## [TASK TO CARRY OUT]
Your task is to restate the listing word for word without the pictures.

------ DATASET SECTION ------

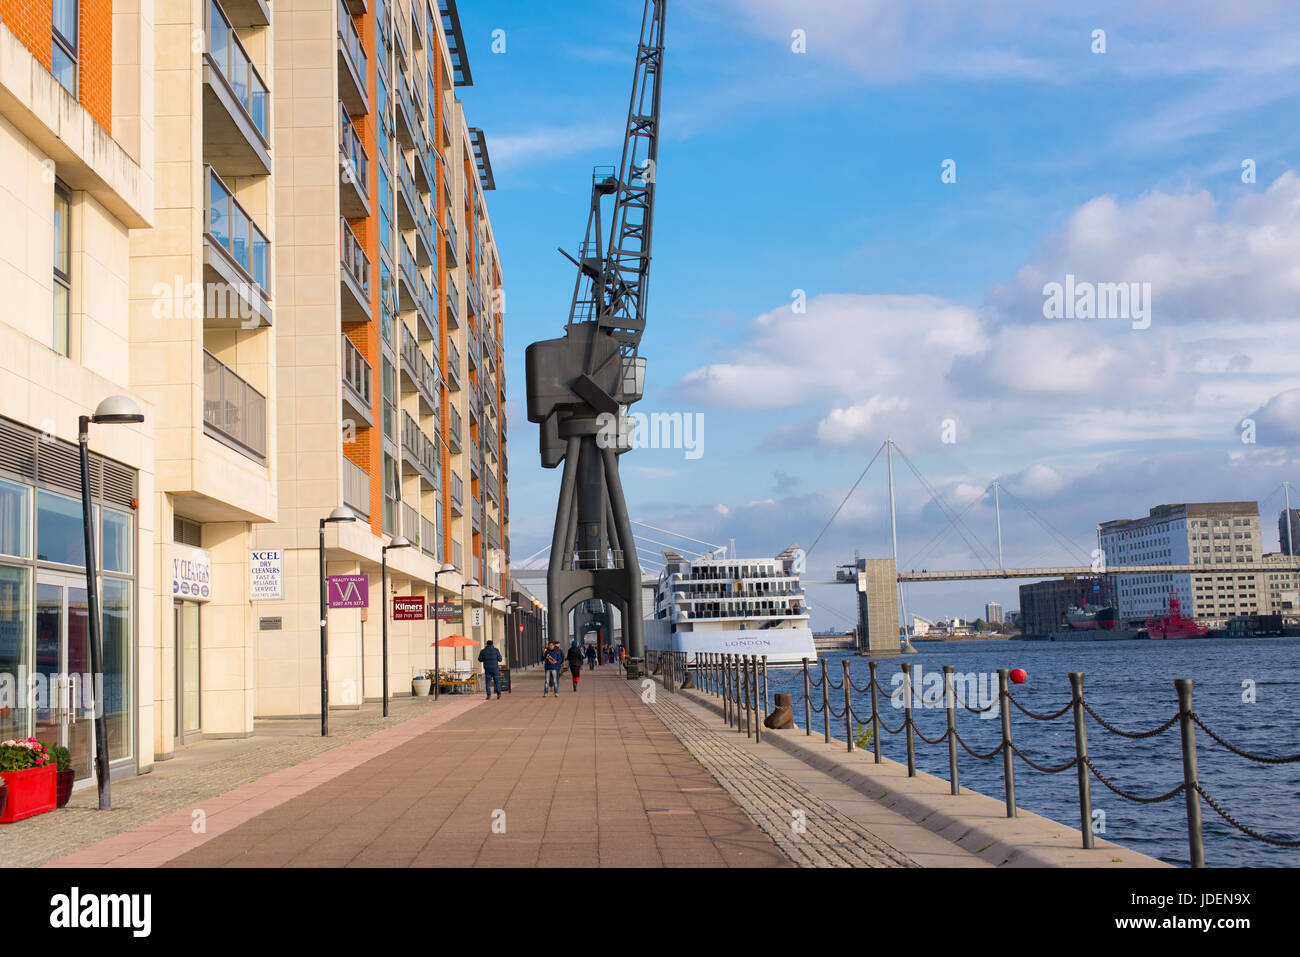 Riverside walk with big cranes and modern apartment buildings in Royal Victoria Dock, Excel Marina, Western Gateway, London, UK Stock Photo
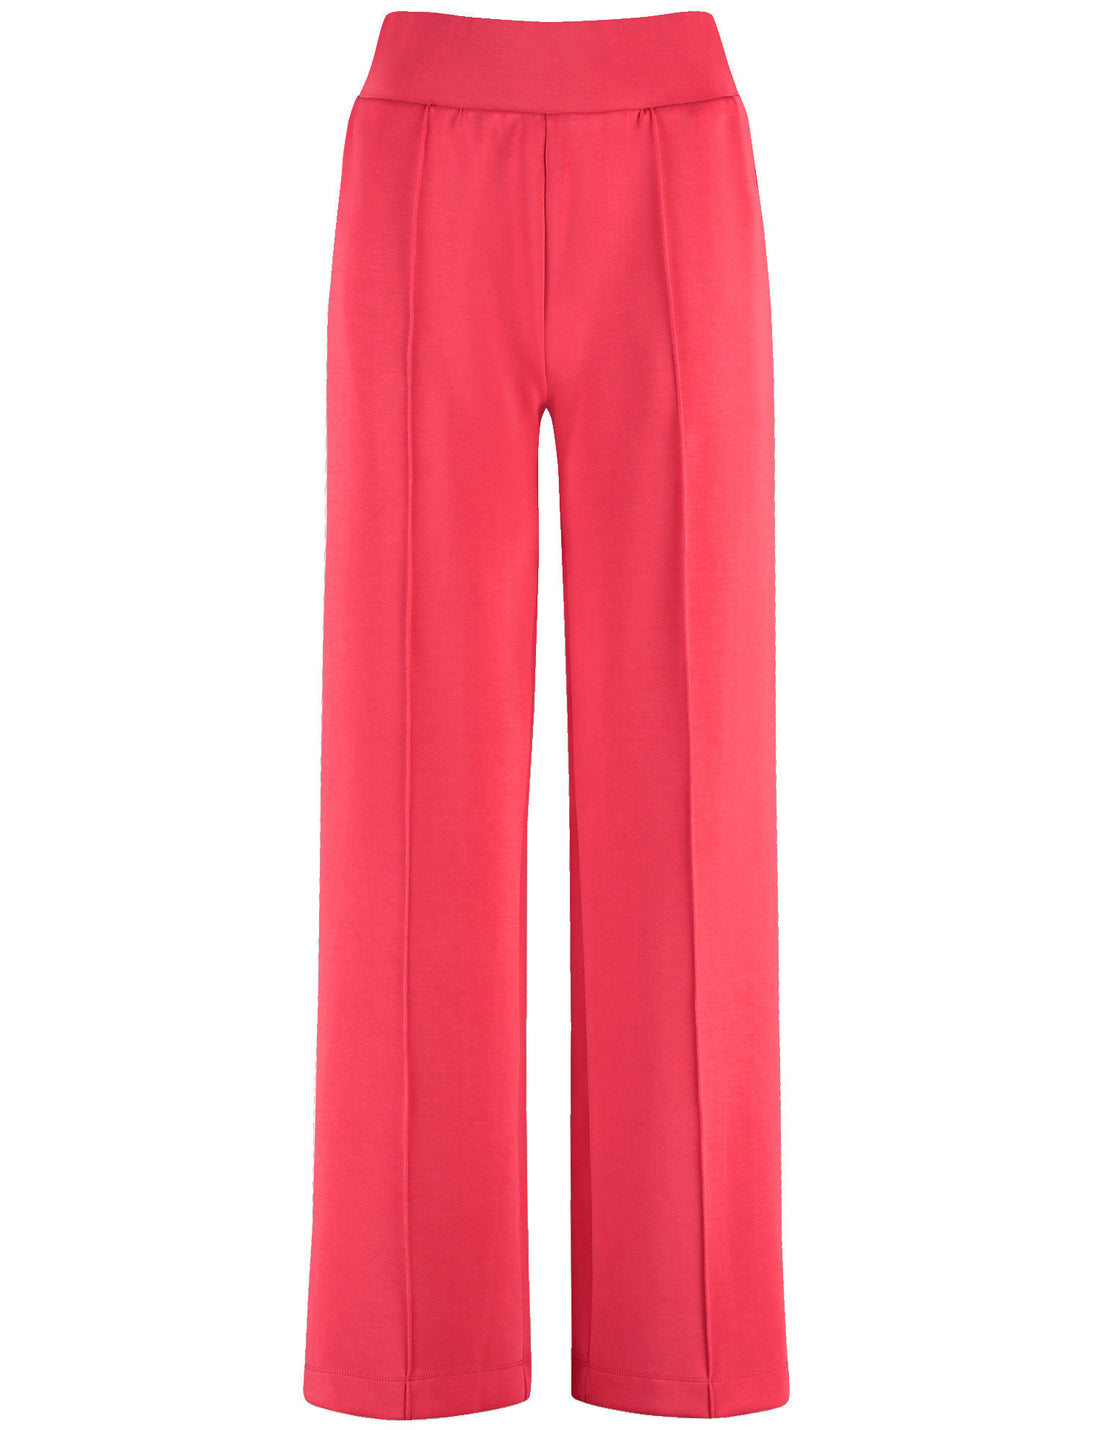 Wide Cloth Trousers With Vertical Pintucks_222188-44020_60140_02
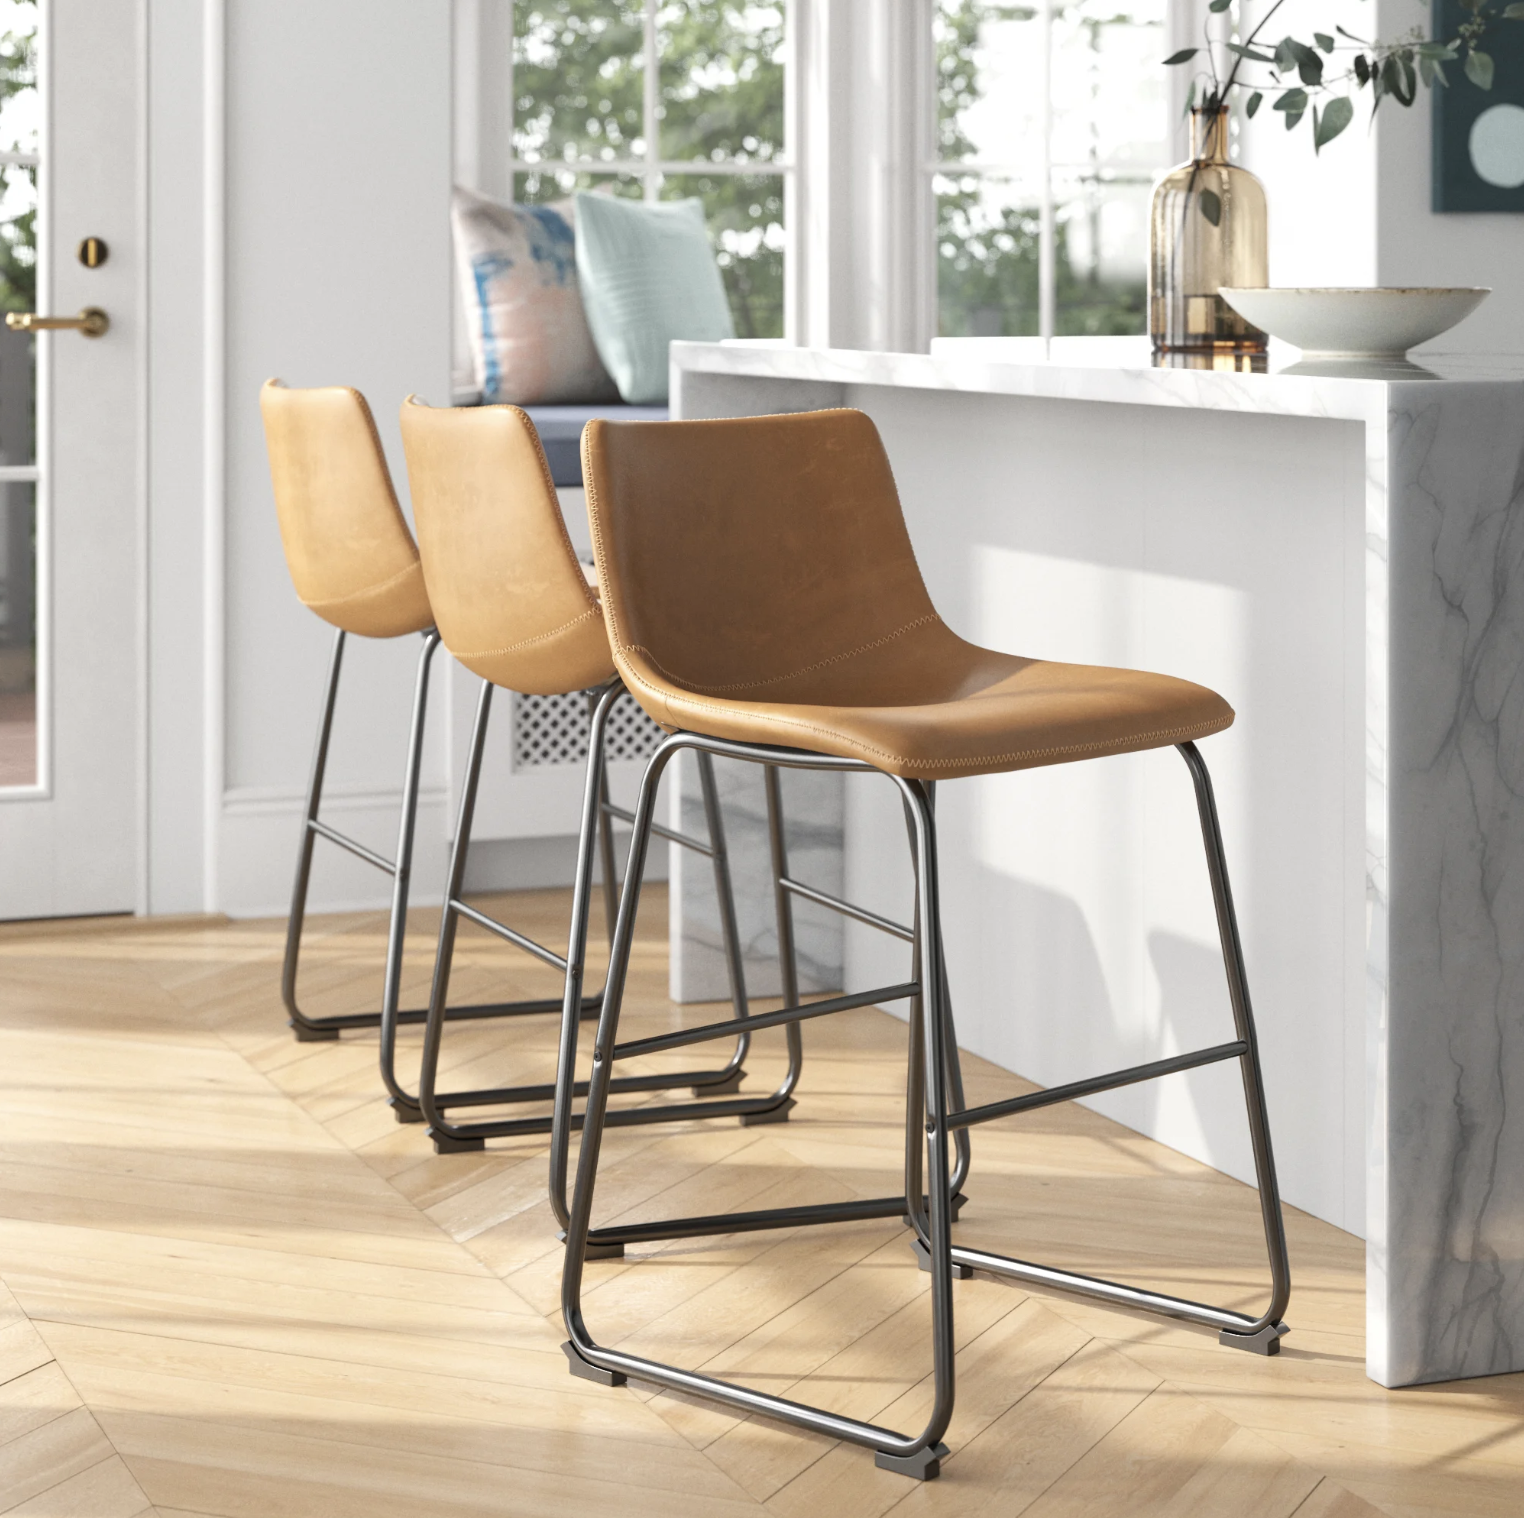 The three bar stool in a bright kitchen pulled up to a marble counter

------

## [SOLUTION TO THIS TASK]
 Riverside walk with big cranes and modern apartment buildings in Royal Victoria Dock, Excel Marina, Western Gateway, London, UK Stock Photo
 Wide Cloth Trousers With Vertical Pintucks_222188-44020_60140_02
 The three bar stool in a bright kitchen pulled up to a marble counter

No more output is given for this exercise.